ISO/IEC 19249:2017 outlines security principles for designing secure products, systems, and applications. It includes five architectural principles and five design principles.

Architectural Principles:

  1. Domain Separation: Group related components into entities with assigned security attributes, ensuring isolation (e.g., OS privilege levels).

  2. Layering: Structure systems into abstract layers, allowing security policies to be imposed and validated at different levels (e.g., OSI model).

  3. Encapsulation: Hide low-level details and prevent direct manipulation of data, using methods like APIs (e.g., object-oriented programming).

  4. Redundancy: Ensure availability and integrity by duplicating critical components (e.g., RAID configurations, dual power supplies).

  5. Virtualization: Use virtual environments to enhance security boundaries, isolate processes, and protect against malicious activities (e.g., cloud services).

Design Principles:

  1. Least Privilege: Limit permissions to the minimum required for task completion, reducing exposure (e.g., read-only access for viewing documents).

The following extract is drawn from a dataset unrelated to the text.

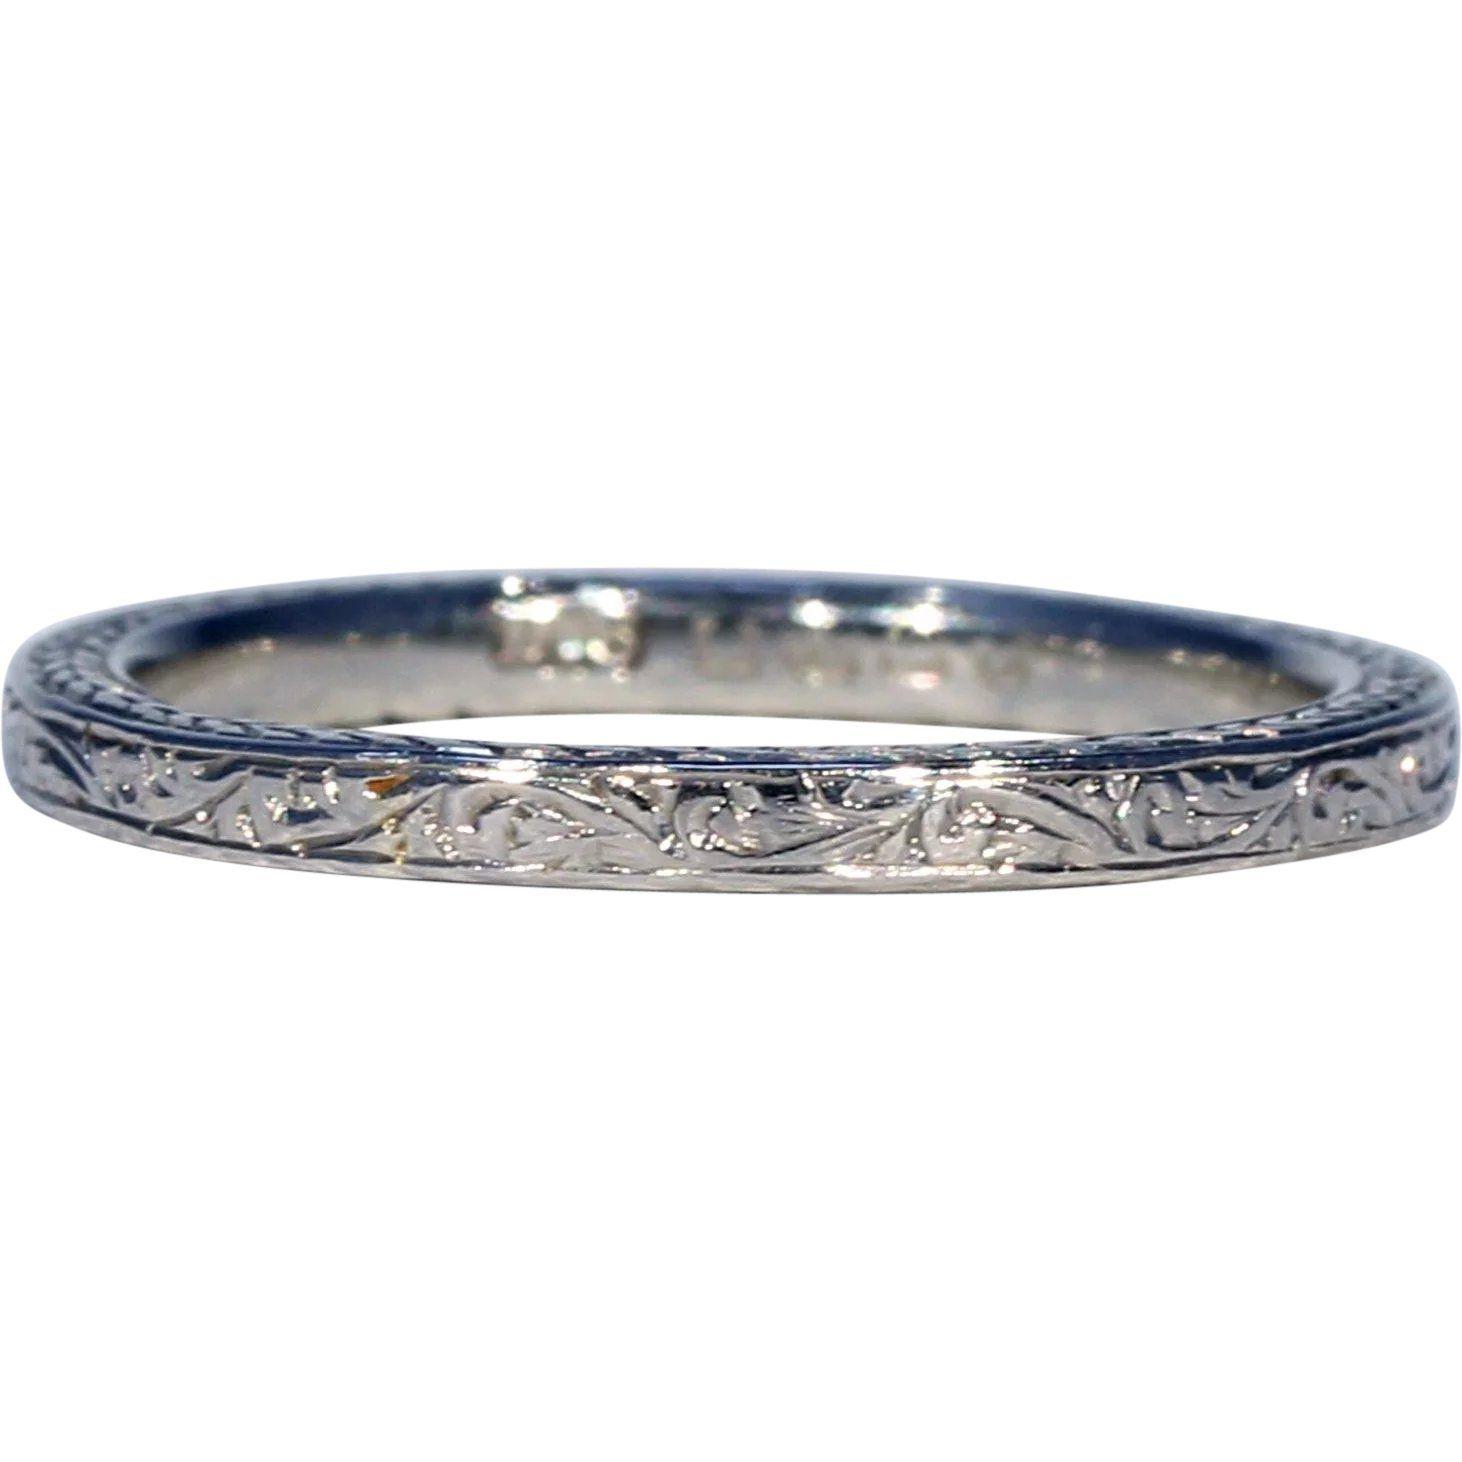 Art deco 18k white gold engraved wedding band ring

  2. Attack Surface Minimisation: Reduce vulnerabilities by disabling unnecessary services and hardening systems (e.g., Linux hardening).

  3. Centralized Parameter Validation: Validate input from all sources to prevent exploitation (e.g., centralized input validation library).

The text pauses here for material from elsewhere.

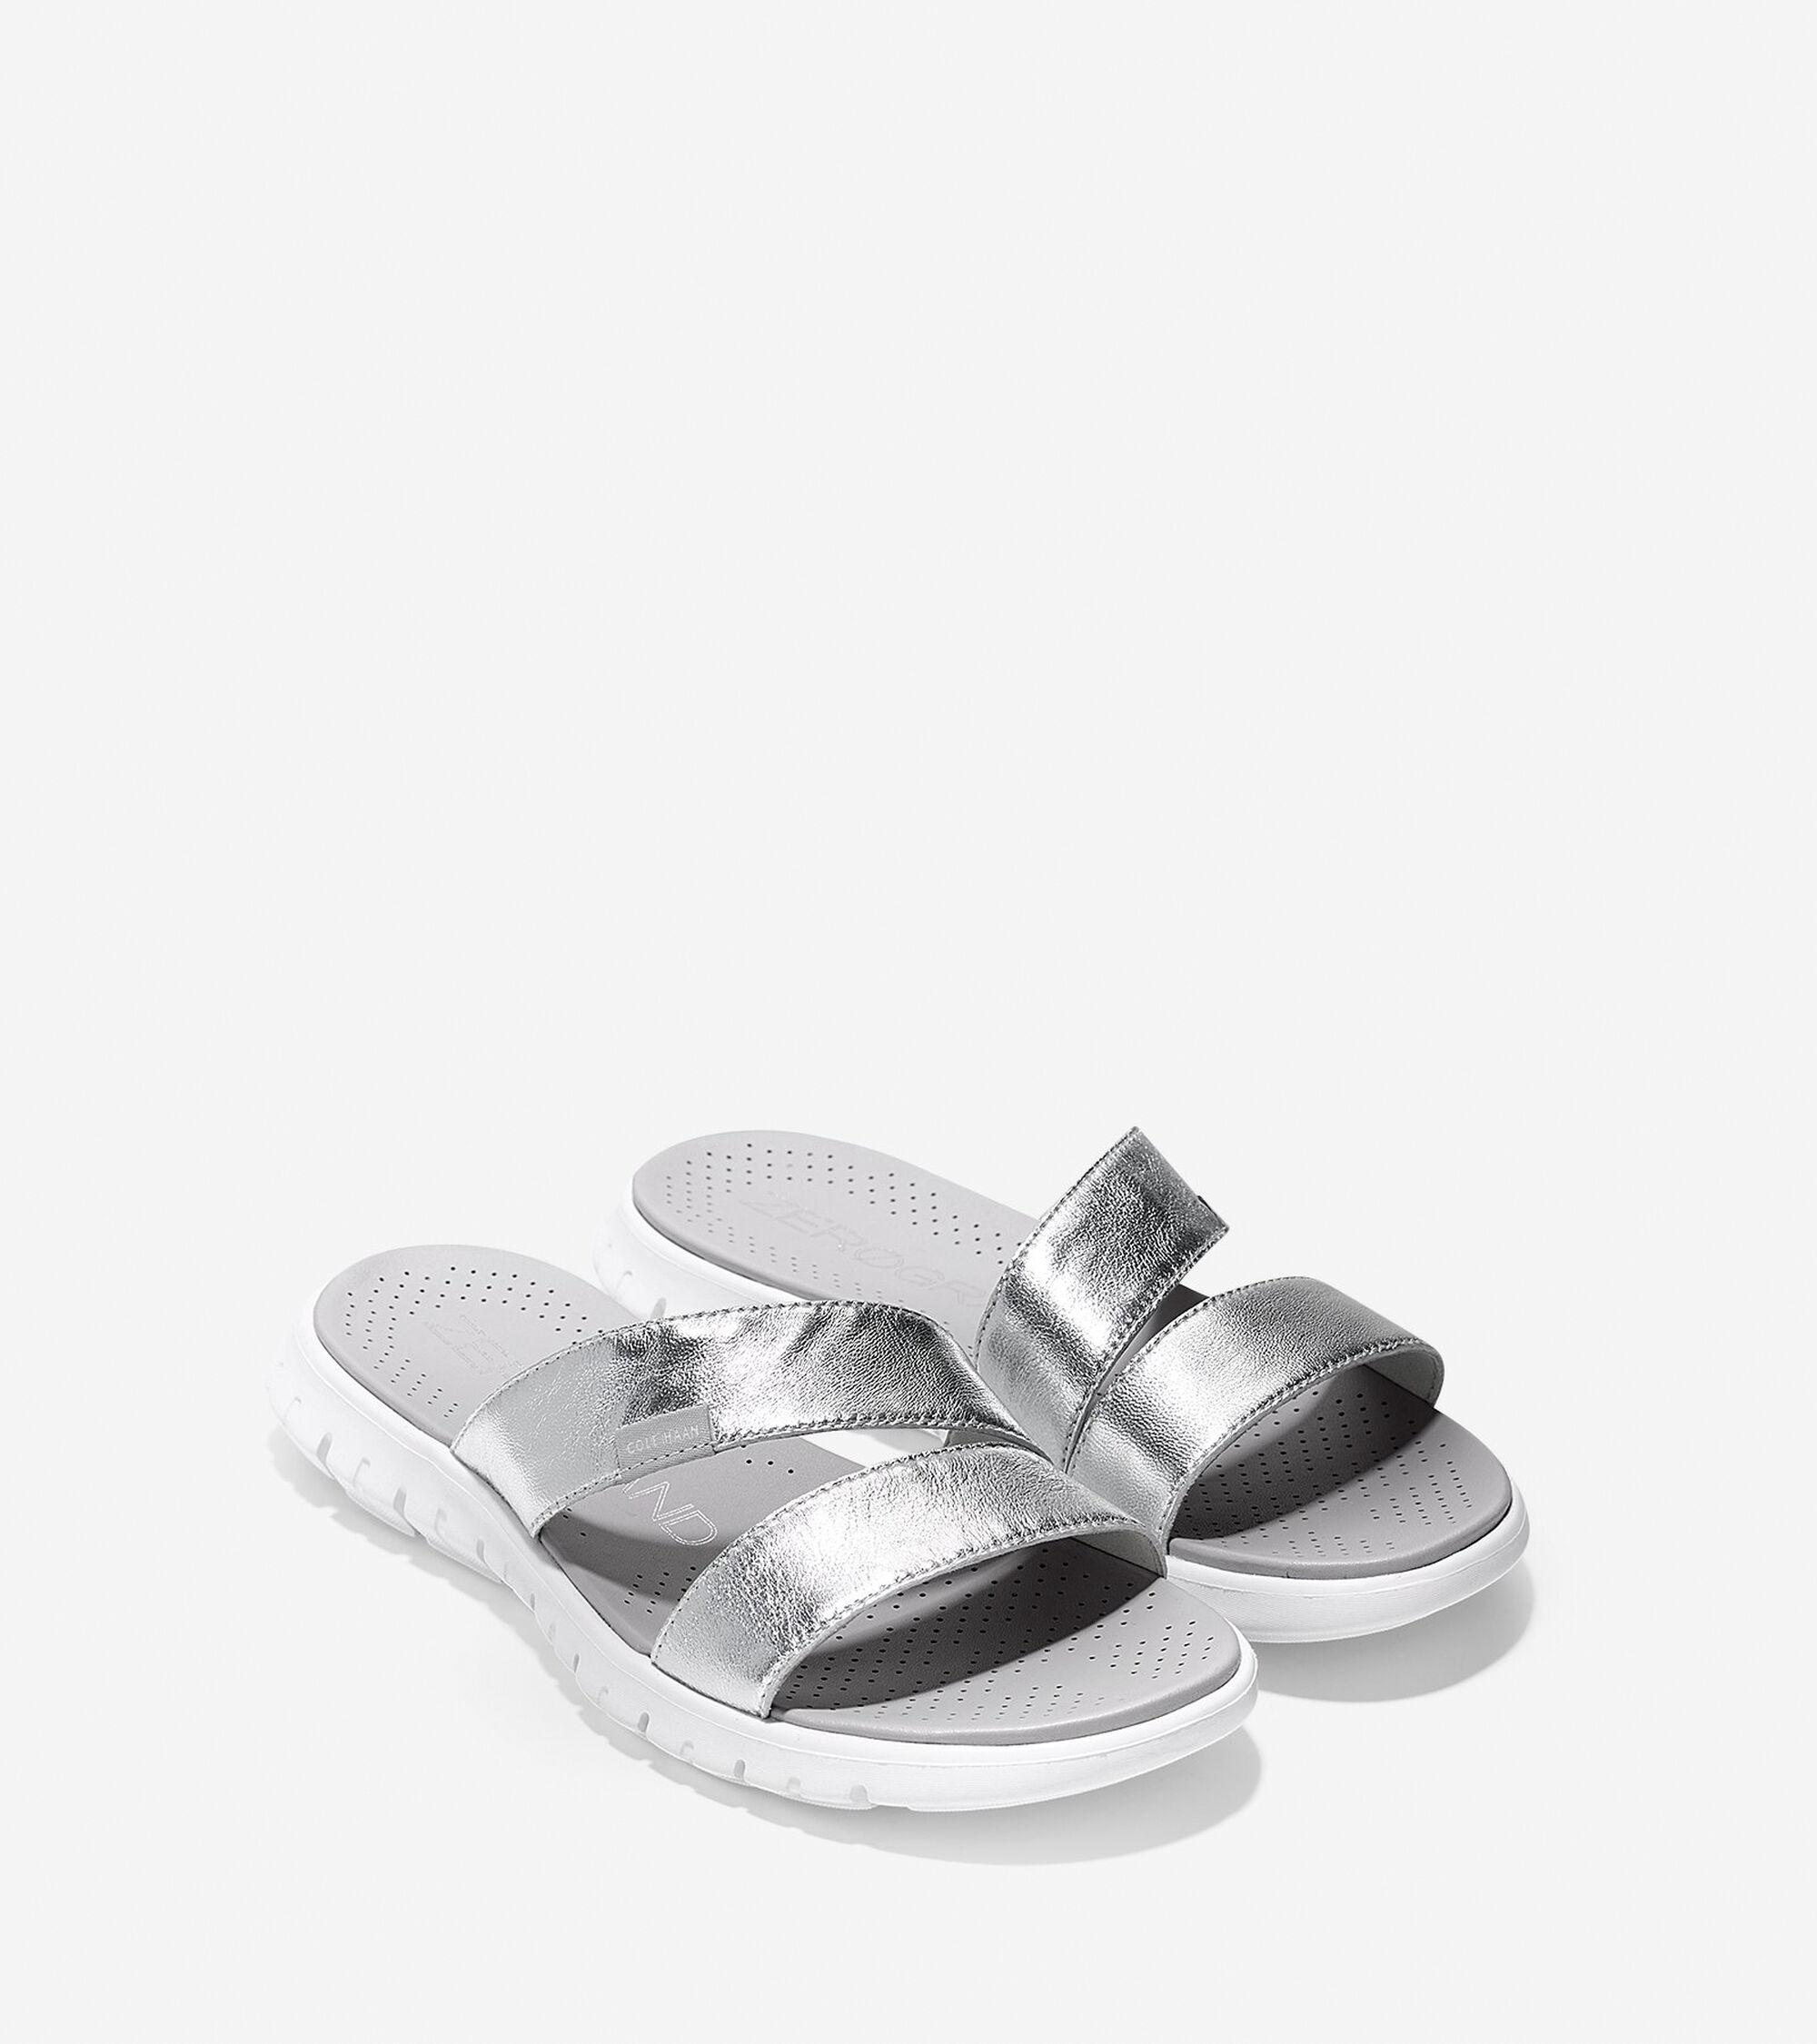 White sandals -  Women S Zer Grand Two Strap Sandal

  4. Centralized General Security Services: Centralize security functions like authentication to simplify management and improve security (e.g., centralized authentication server).

  5. Preparing for Error and Exception Handling: Design systems to fail safely and prevent leaks of sensitive information through error messages (e.g., fail-open firewalls, avoiding confidential data exposure).

These principles guide the creation of secure systems and applications by emphasizing isolation, control, and resilience.